I have come in contact with more pee in the last 48 hours than anyone should ever have to encounter outside of a biohazard suit. I’ve stepped in it repeatedly, cleaned it off the carpet at least half a dozen times and transported clothing and bedding that were sopping with it. This is dad life.
Actually, my life was filled with very few involuntary urine encounters until recently. About a month ago we got a puppy. And curiously, around that same time, my potty-trained three-year-old started regressing and having accidents of her own. I’m beginning to think she’s conspiring with the dog against me.
This weekend, my wife (Jody) left me at home with our two kids and our Golden Retriever for a day and a half while she went to a conference. Jody had certainly earned some time away, and I was glad to give her a break from motherhood, if only a brief one. She works part time and then comes home to a full-time job serving the needs of a three-year-old, an eight-year-old, yours truly and now a puppy.
Puppies are awesome until you own one. I had forgotten how much I really don’t like having a puppy in my house until this last month.
Our last dog passed away back in November, and I had intended on taking a hiatus from being a dog owner. But that break only lasted about two months before the high-pressure sales pitches from the rest of my household started.
I made the mistake of showing the slightest crack in my anti-dog stance, and now my hiatus is over. It’s funny how I can say no to an army of Kirby vacuum cleaner salesmen, but my wife and kids can break me so easily.
At least I was allowed to name the dog, so there is still some illusion of power there. Now we have the most awesomely-named dog on the block – Chewbacca!
We call him Chewy for short, and he lives up to his name. He chews on everything in his path, including my kids. The chewing drives me even crazier than dealing with the potty messes. At least the urine can be cleaned up, mostly. Puppy teeth marks are more permanent. And with every bite mark, I see visions of dollar bills being tossed into a fire.
That is how my mind works. I have a tendency to oversimplify things and to see the negative more than the positive. And after a day and a half of seeing things around our house getting chewed or peed on, I painted a gloomy picture in my mind.

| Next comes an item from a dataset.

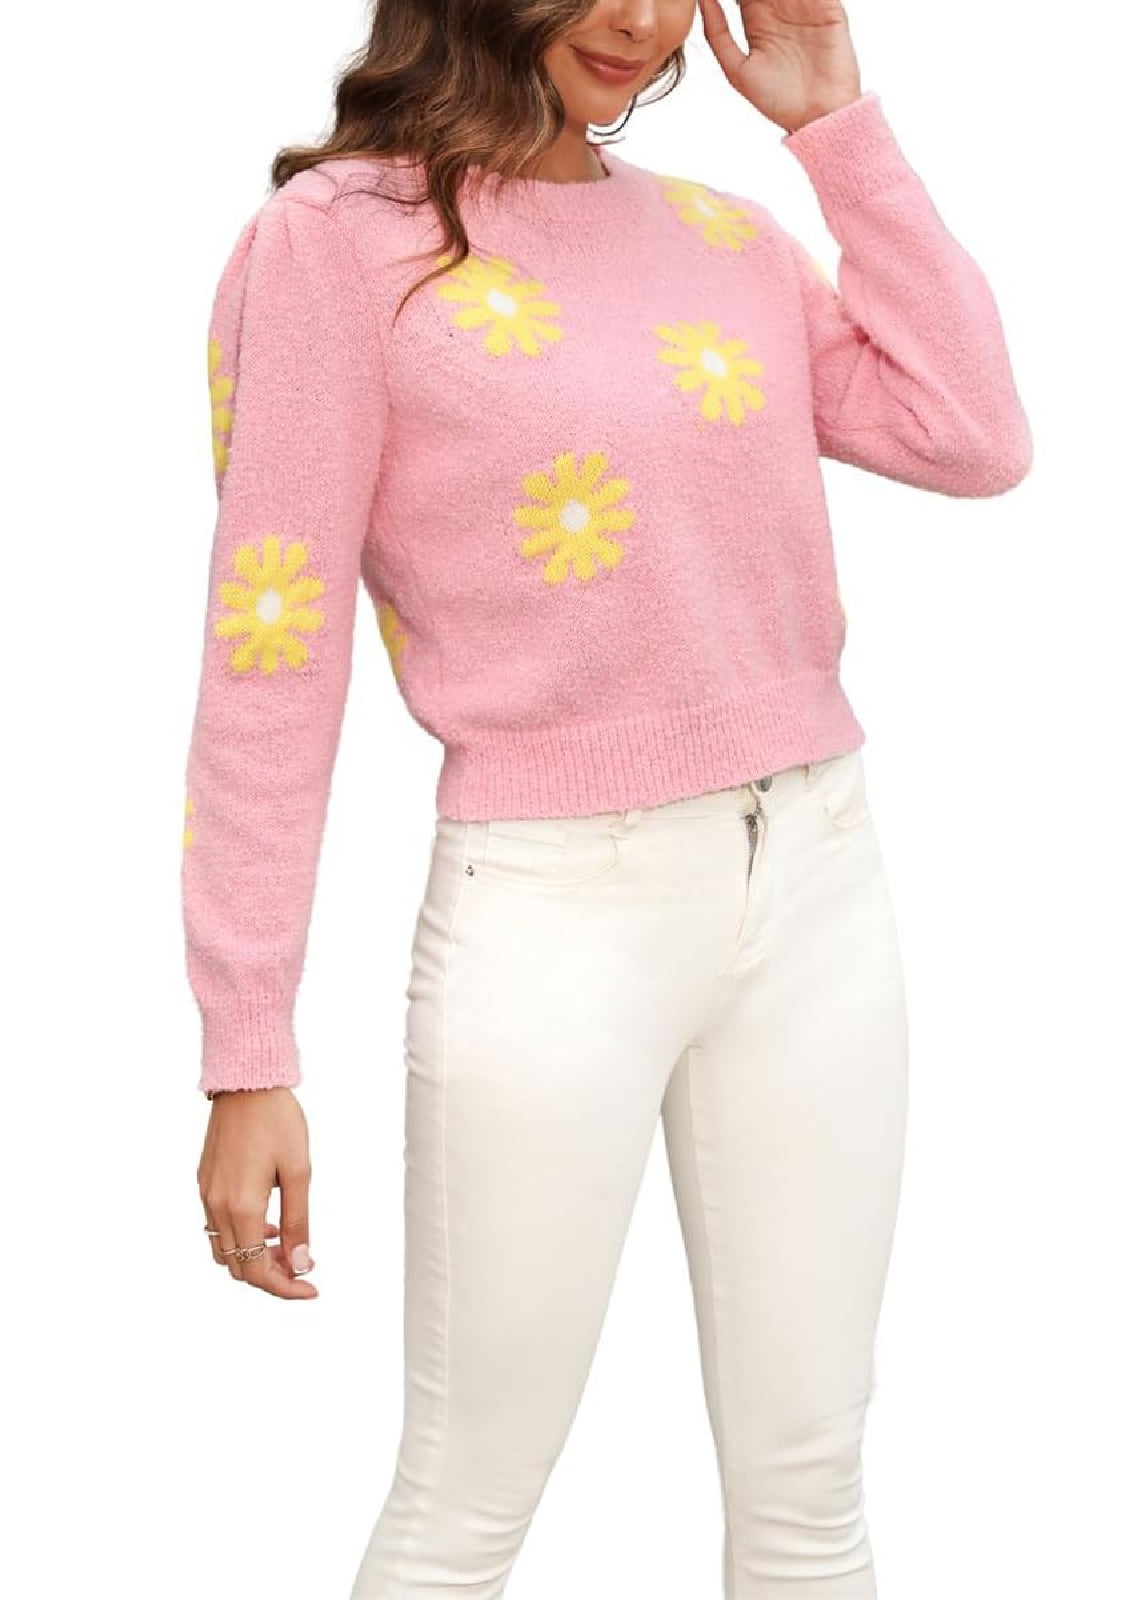 WSPLYSPJY Women's Fuzzy Crewneck Cropped Sweater Cute Daisy Long Sleeve ...

I envisioned our savings account dwindling to nil as we replaced furniture and flooring. I imagined a world where I would encounter dog or kid urine for the rest of my days. And frankly between my anxiety and fatigue, I lost my cool more than I care to admit during this time.
By the time my wife returned from her trip, she had to talk me down off the ledge. That’s one of the many things I love about her. When I let worries snowball in my mind, she gently brings me back to reality. When I get consumed with money and stuff, she reminds me that life isn’t about money or stuff.
Jody keeps me pointed towards the things that matter most in my life. My relationship with my kids ranks near the top of that list, and it is for our children that we got this puppy in the first place. My kids absolutely love Chewy, and truth be told, I do too. I have to learn to take the bad with the good and remember that into each life, some pee must fall.